** INPUT DATA follows **

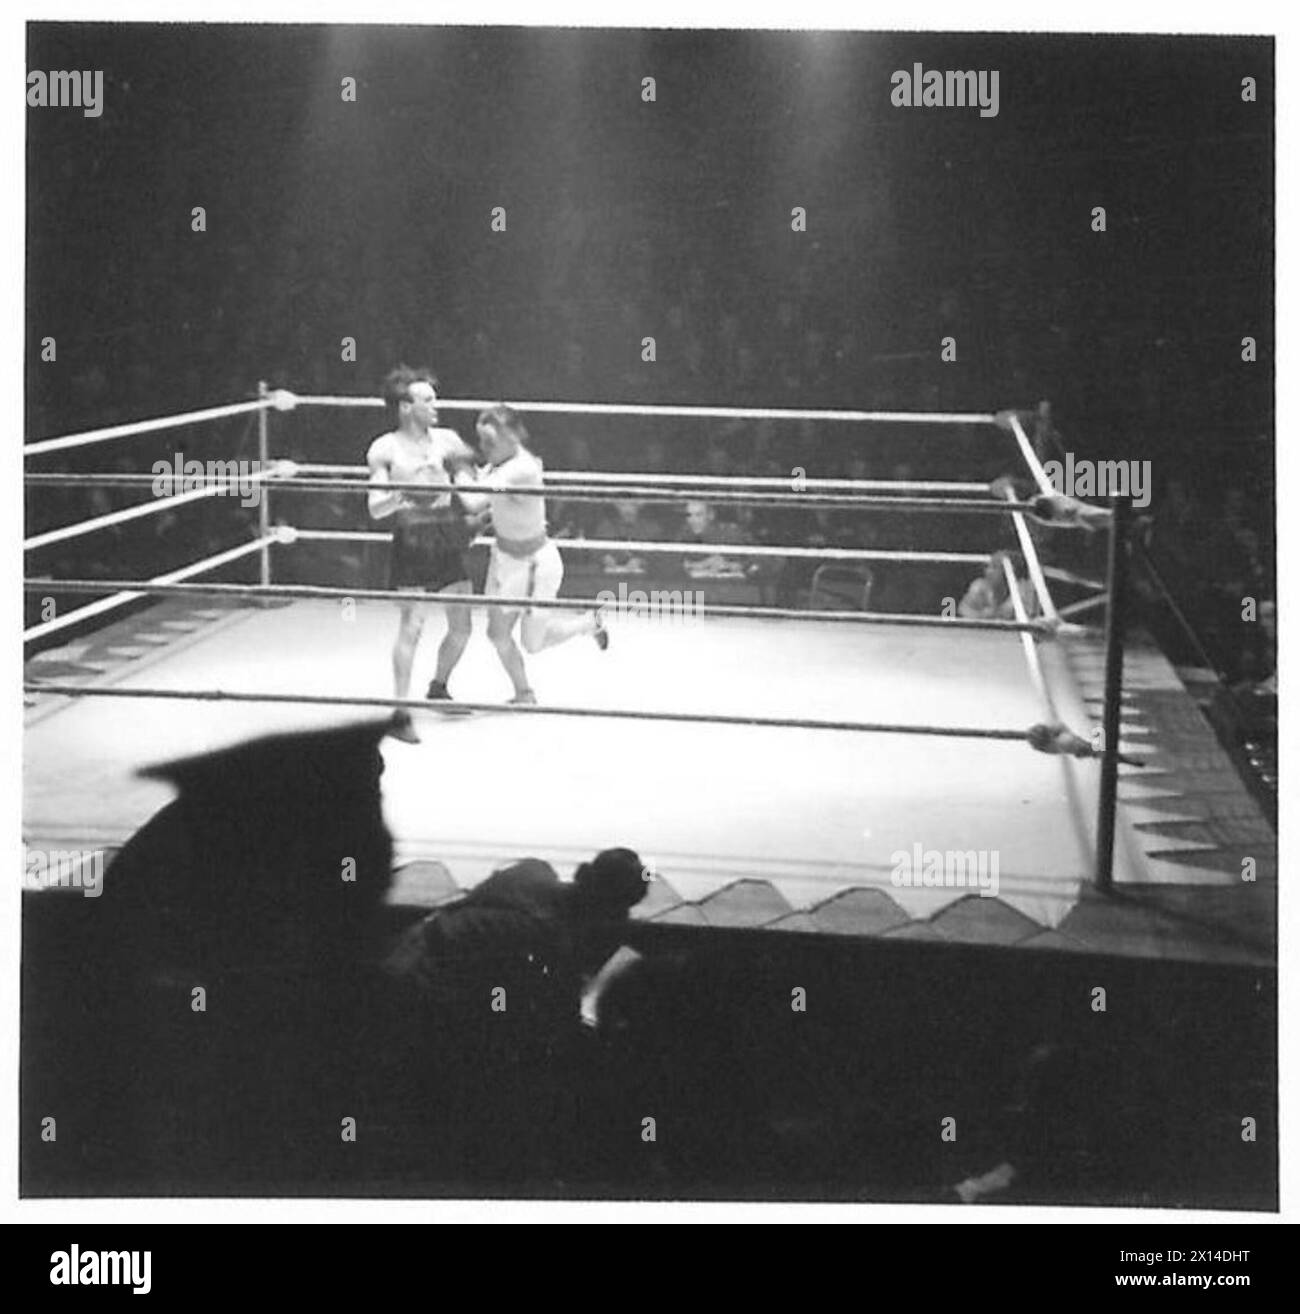 ARMY BOXING CHAMPIONSHIPS - Scenes during the bout between Private Bonser [R.A.] v. Rfn. G. Albrow [R.B.] Rfm. G. Albrow, wearing black shorts, won. [Professional Bantam weight final] British Army Stock Photo
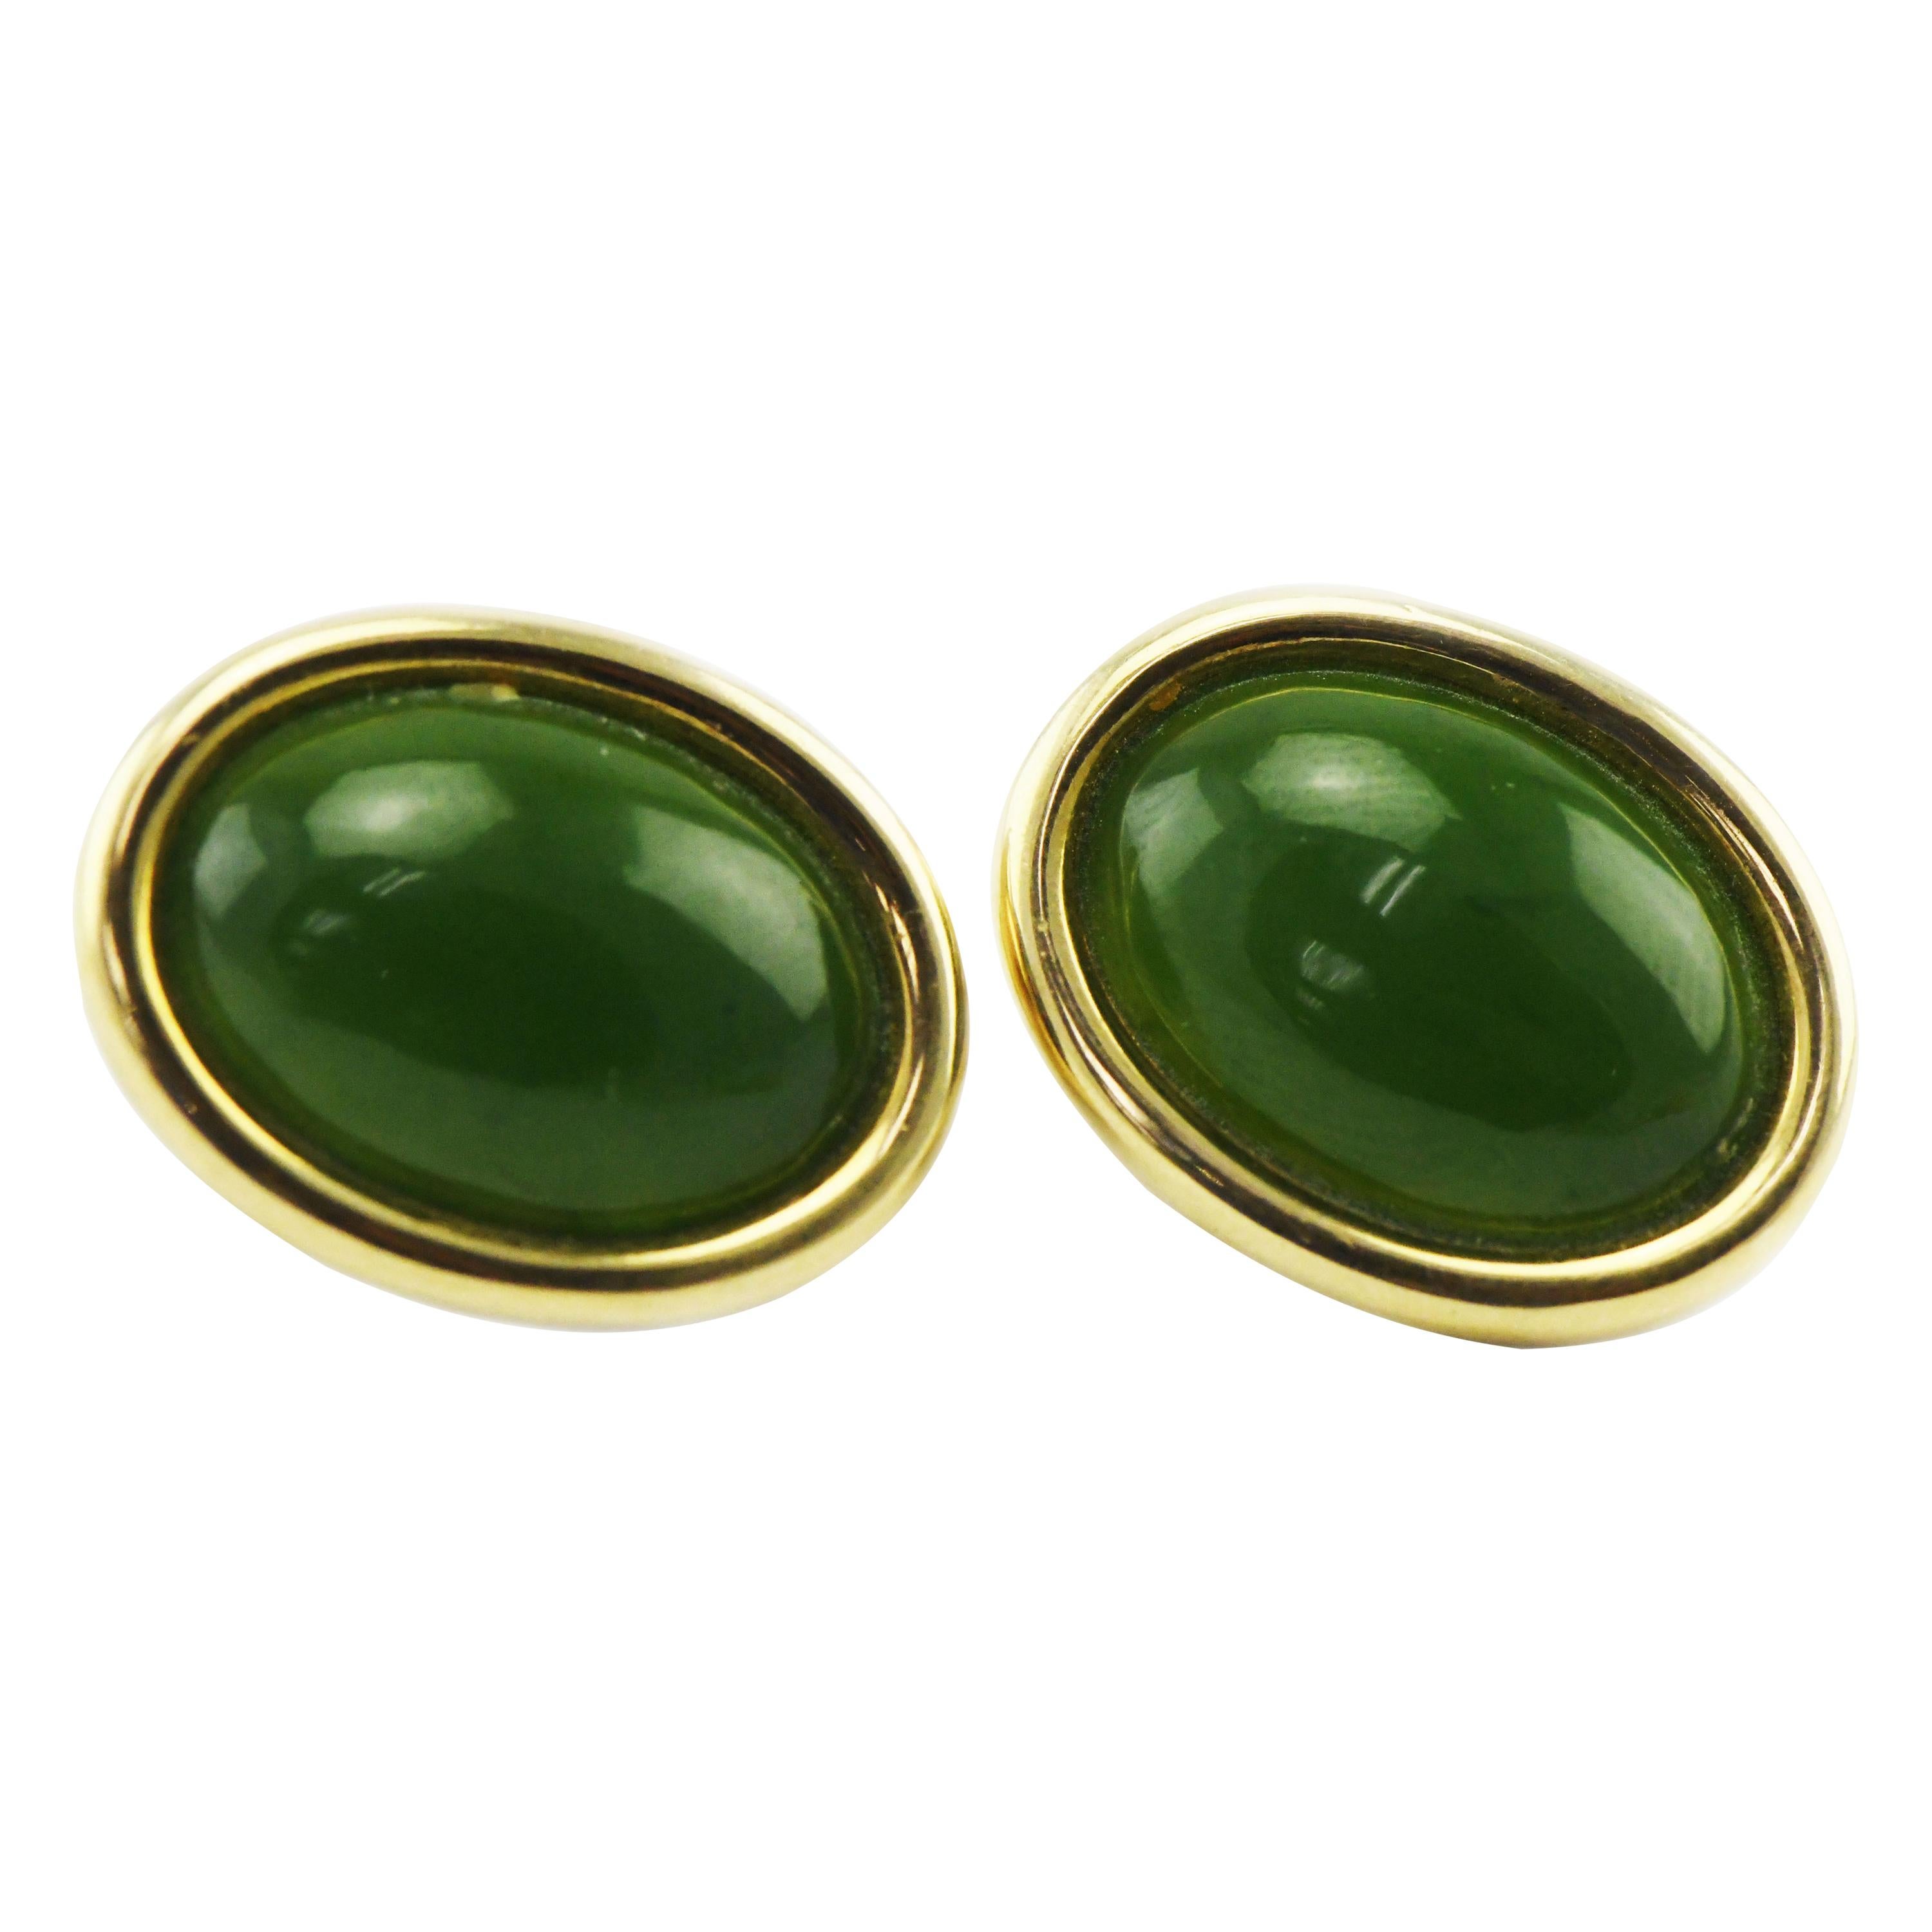 Tse Sui Luen 14 Karat Gold Earrings with Cabochon Carved Jade with Omega Backs For Sale
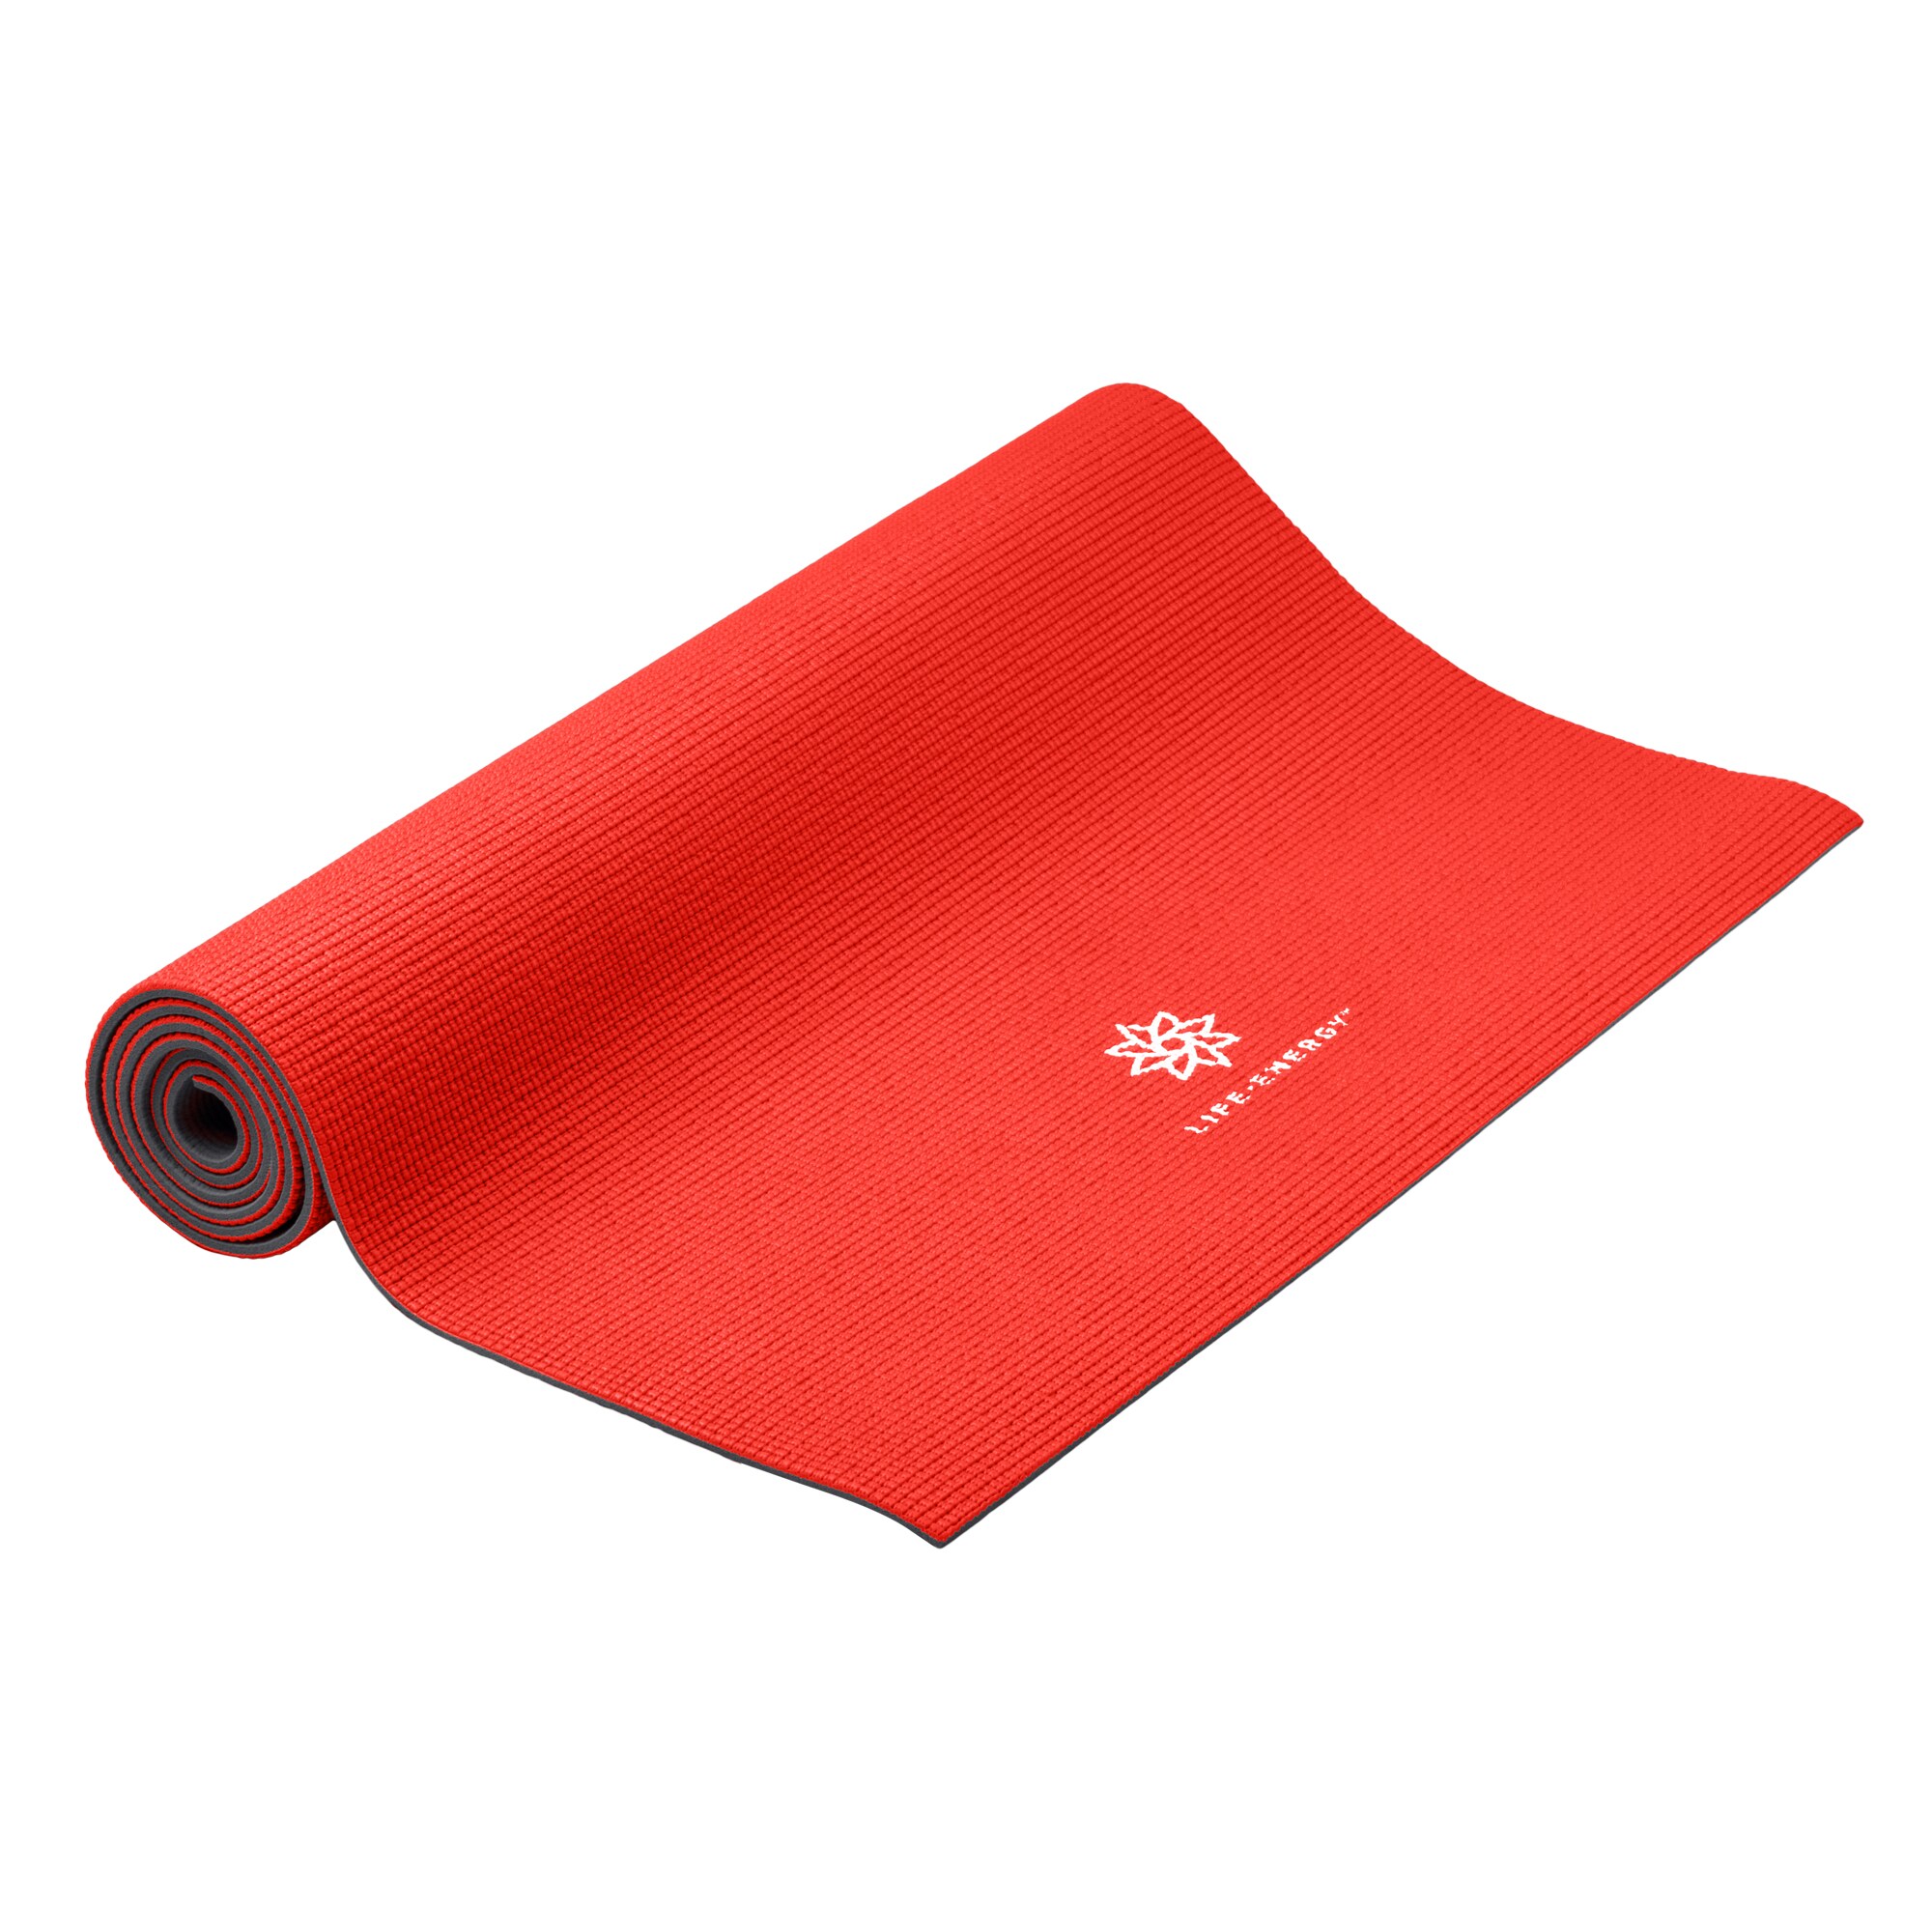 Life Energy Reversible Milli-m-mm Antimicrobial Yoga Mat With

** End of INPUT DATA **

* WHAT TO WORK ON
Using the listing above, copy every line from the line containing "Tse Sui Luen" through the last one, both included, and no other lines. Pictures stay out.

* RESPONSE TO THE EXERCISE
 Tse Sui Luen 14 Karat Gold Earrings with Cabochon Carved Jade with Omega Backs For Sale
 Life Energy Reversible Milli-m-mm Antimicrobial Yoga Mat With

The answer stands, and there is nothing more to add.